Wednesday, April 12, 2017

#2,336. The Wolf of Wall Street (2013)

Directed By: Martin Scorsese

Starring: Leonardo DiCaprio, Jonah Hill, Margot Robbie

Line from the film: "On a daily basis I consume enough drugs to sedate Manhattan, Long Island, and Queens for a month"

Trivia: The actors snorted crushed B vitamins for scenes that involved cocaine

Even at age 70, director Martin Scorsese can turn out a hip, stylish motion picture, which is exactly what he did with 2013’s The Wolf of Wall Street.

Based on actual events, The Wolf of Wall Street tells the story of Jordan Belfort (Leonardo DiCaprio), who in the 1980’s was an up-and-coming stockbroker, eager to make his way on Wall Street. Unfortunately, his arrival coincided with the market crash of October 19, 1987, and as a result, his career was seemingly over before it began.

To make ends meet, Jordan accepted a job at a small Long Island brokerage that specialized in penny stocks, and soon made enough money there to go out on his own. Partnering with his neighbor Donnie Azoff (Jonah Hill), Jordan hired old friends and trained them in the fine art of selling penny stocks to rich suckers. Within a few years, Jordan Belfort was back on Wall Street, and his company, Stratton Oakmont, was raking in millions.

Unfortunately, Jordan's rapid success went straight to his head; he and his co-workers regularly invited prostitutes up to the office, and Jordan began experimenting with every drug imaginable, from Quaaludes to cocaine. He divorced his wife Teresa (Cristin Milioti) to marry supermodel Naomi (Margot Robbie), and the wild parties he threw on his custom yacht would have made a college fraternity blush. 

Before long, all of New York was talking about Jordan Belfort, and his meteoric rise caught the attention of FBI agent Patrick Denham (Kyle Chandler), who dug deep into Stratton Oakmont’s business practices in an effort to put Jordan and his team behind bars for many, many years.

Jordan’s father, Max (Rob Reiner), who also acted as his business manager, begged Jordan to make a deal with the feds that would keep him out of prison. But Jordan Belfort wasn’t about to go quietly into the night, and it would take a series of scandals to bring his reign as “The Wolf of Wall Street” to a catastrophic end.

As with many of Scorsese’s best works, The Wolf of Wall Street has its share of unforgettable scenes. An early sequence where Jordan demonstrates to Donnie and the others how to unload a worthless stock on a wealthy client is as funny as it is distasteful, and a speech Jordan delivers to his employees late in the movie, in which he was to announce his retirement only to change his mind midway through, was dramatic enough to bring a tear to my eye. 

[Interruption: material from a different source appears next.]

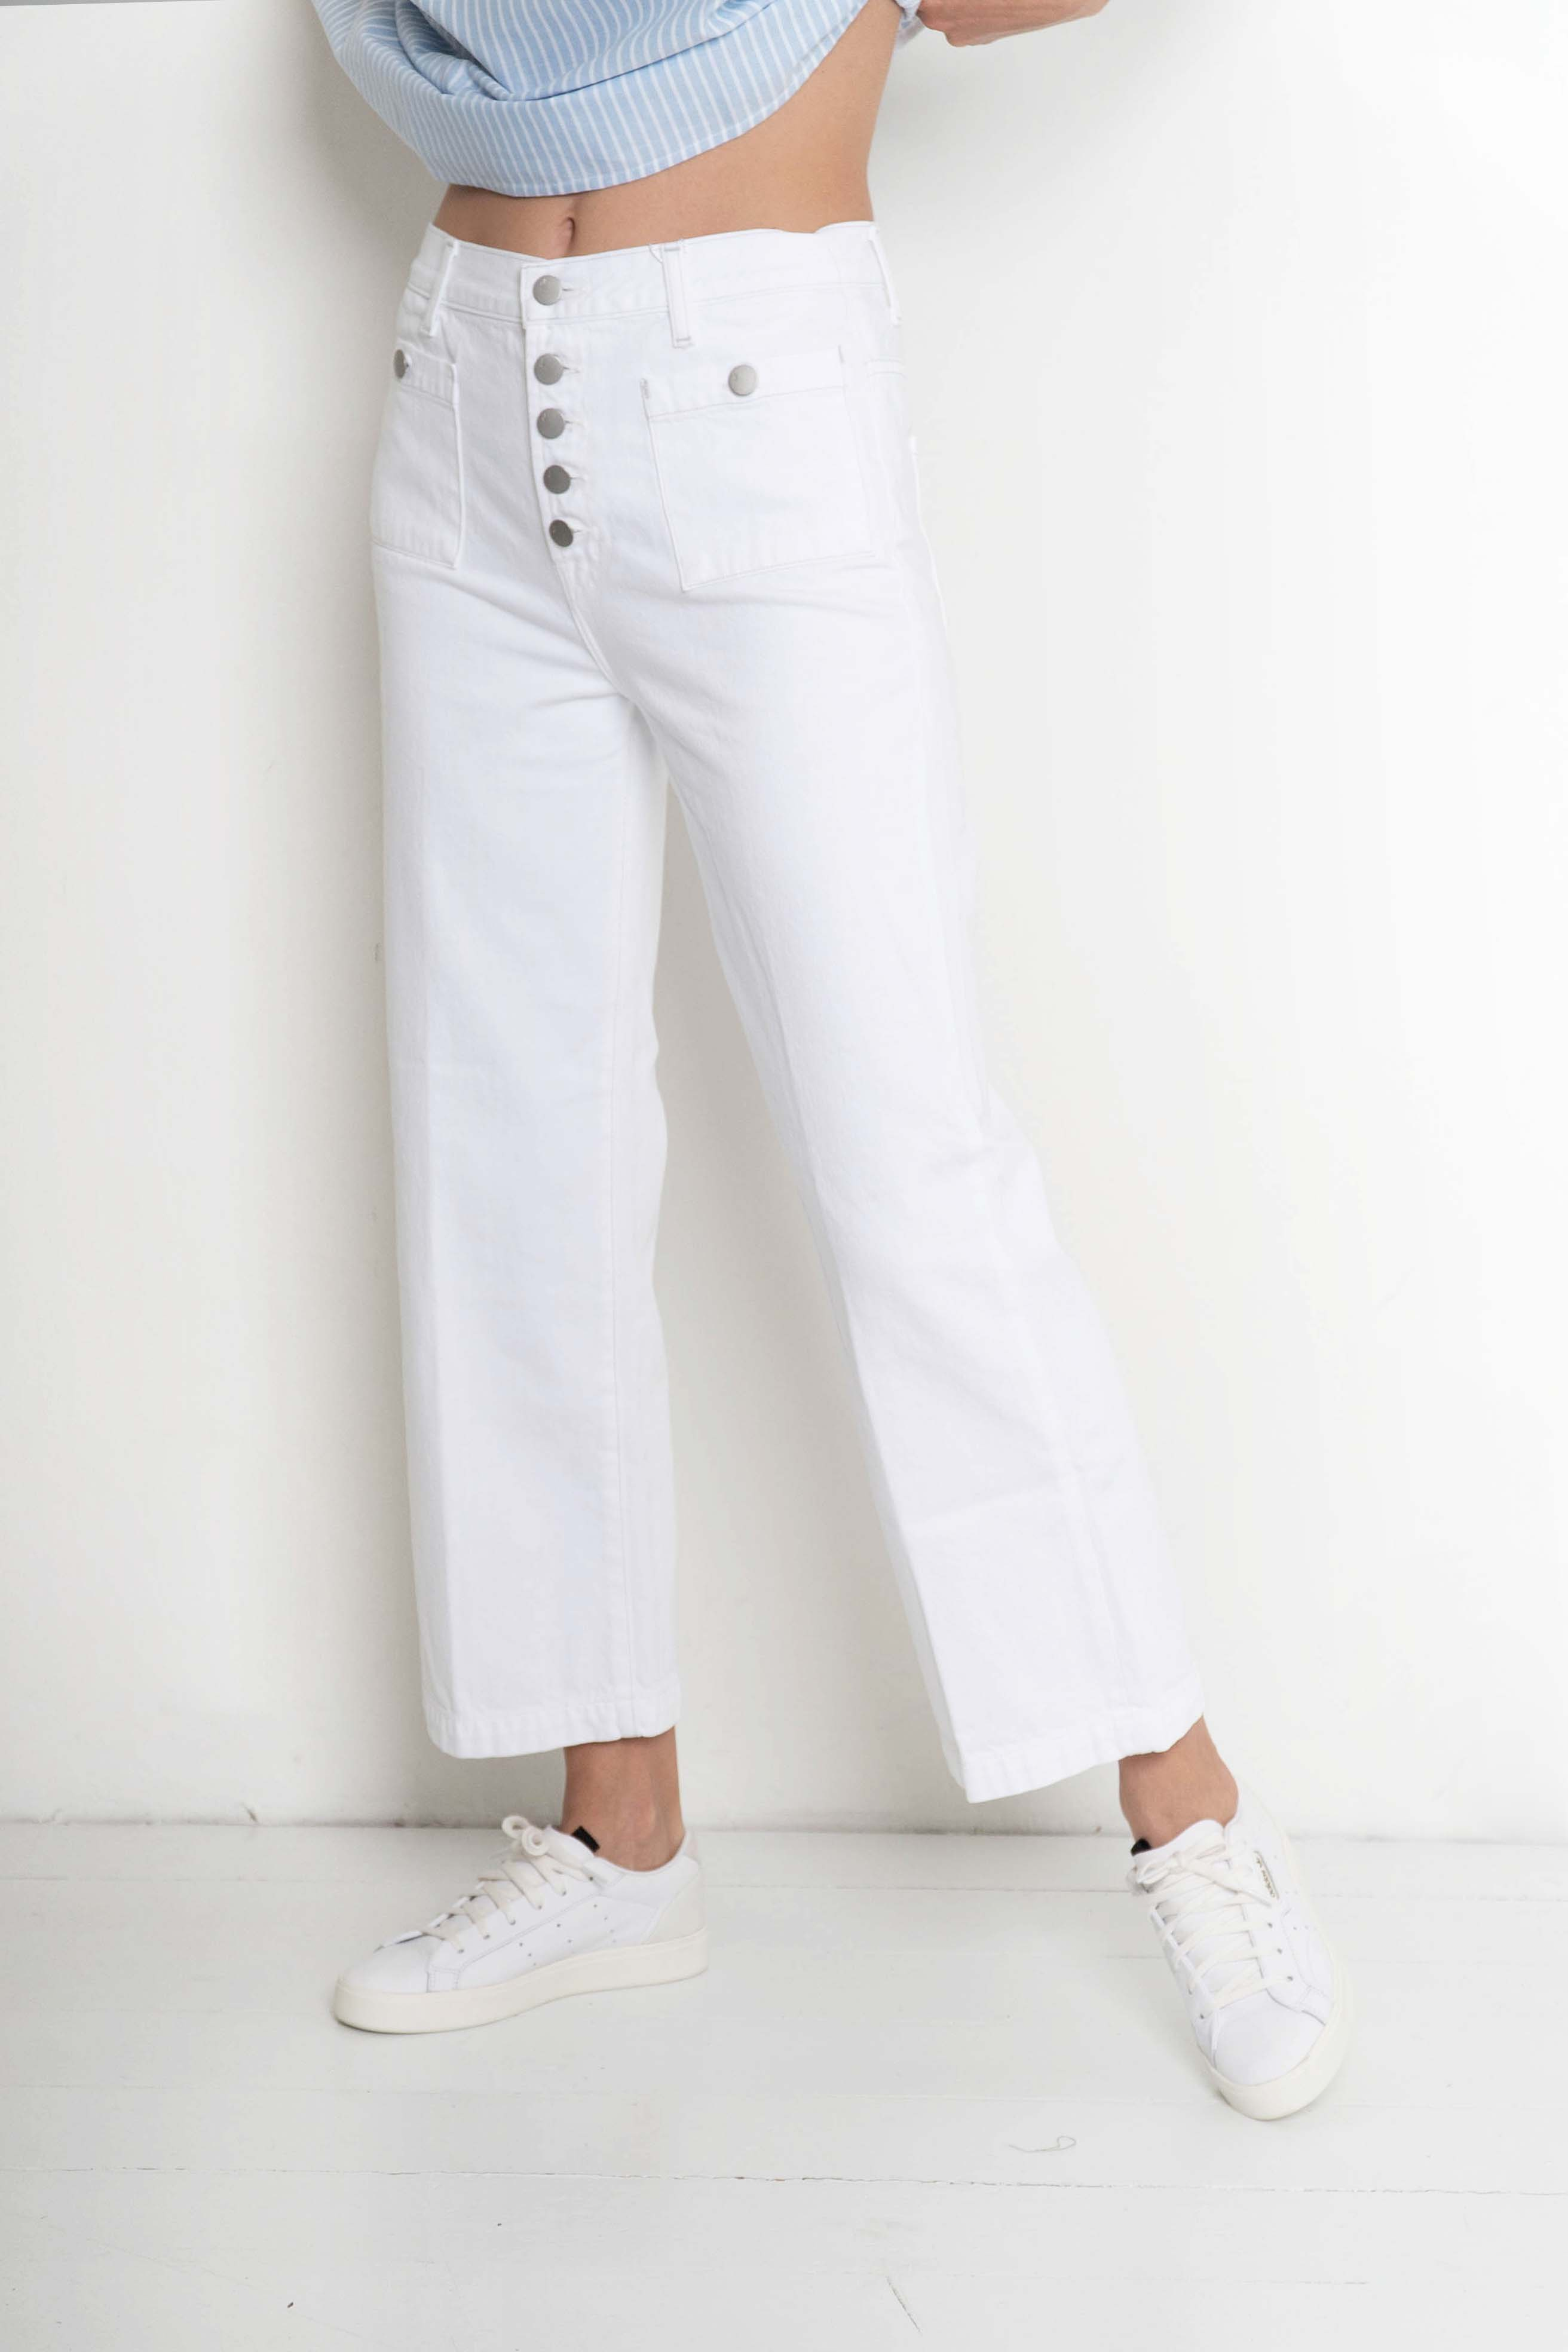 jeans blancos jbrand barcelona

Yet, for my money, the film’s single greatest (and funniest) sequence has Jordan and Donnie taking outdated Quaaludes by the handful, only to discover later on (and at a very inopportune time) that the pills they believed lost their potency simply had a delayed effect.

From top to bottom, the cast of The Wolf of Wall Street is superb; DiCaprio received a Best Actor nomination for his performance as Jordan Belfort (and, in my opinion, he should have won it), while Jonah Hill breathes enough life into Donnie to take what is essentially a scuzzball character and make him a bit more palpable. In addition, Margot Robbie is effectively sexy as Naomi, the woman who stood by Jordan through the ups and downs, while Rob Reiner steals a scene or two as Max, the sole voice of reason in Jordan Belfort’s otherwise chaotic life. 

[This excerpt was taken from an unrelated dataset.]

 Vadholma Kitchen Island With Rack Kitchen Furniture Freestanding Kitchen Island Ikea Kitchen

Yet the true star of The Wolf of Wall Street is its director, whose patented, highly-stylized approach to the material (swooping cameras, slow-motion, engaging narration, etc.) helped make The Wolf of Wall Street the best movie I’ve seen this decade.

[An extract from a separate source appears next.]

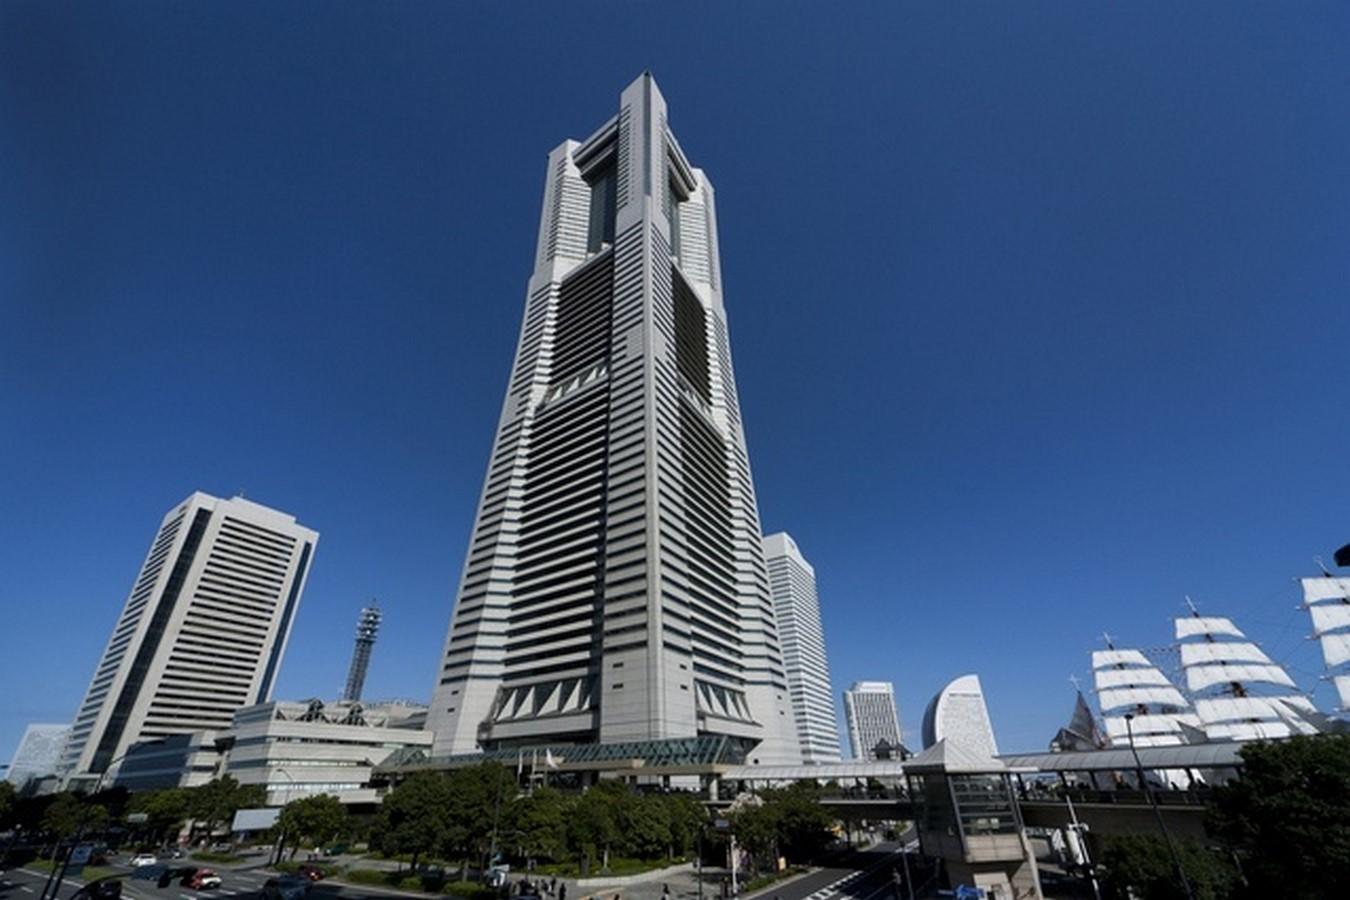 Earthquake Resistant Building Techniques - The Yokohama Landmark Tower - Sheet1

Of course, Martin Scorsese is no stranger to greatness; in each of the previous four decades, he managed to turn out at least one masterpiece. In the ‘70s, it was Taxi Driver, then just as the ‘80s were getting underway he hit us with Raging Bull. Throw in Goodfellas (which kicked off the ‘90s) and The Departed (the 2006 movie that finally netted him an Academy Award), and you have what is already one hell of a filmography.

It’s way too early to close the books on Scorsese in the 2010’s. But even if he fails to deliver at his normal level from here on out, at least he gave us The Wolf of Wall Street, and in so doing has continued what was already a truly remarkable streak.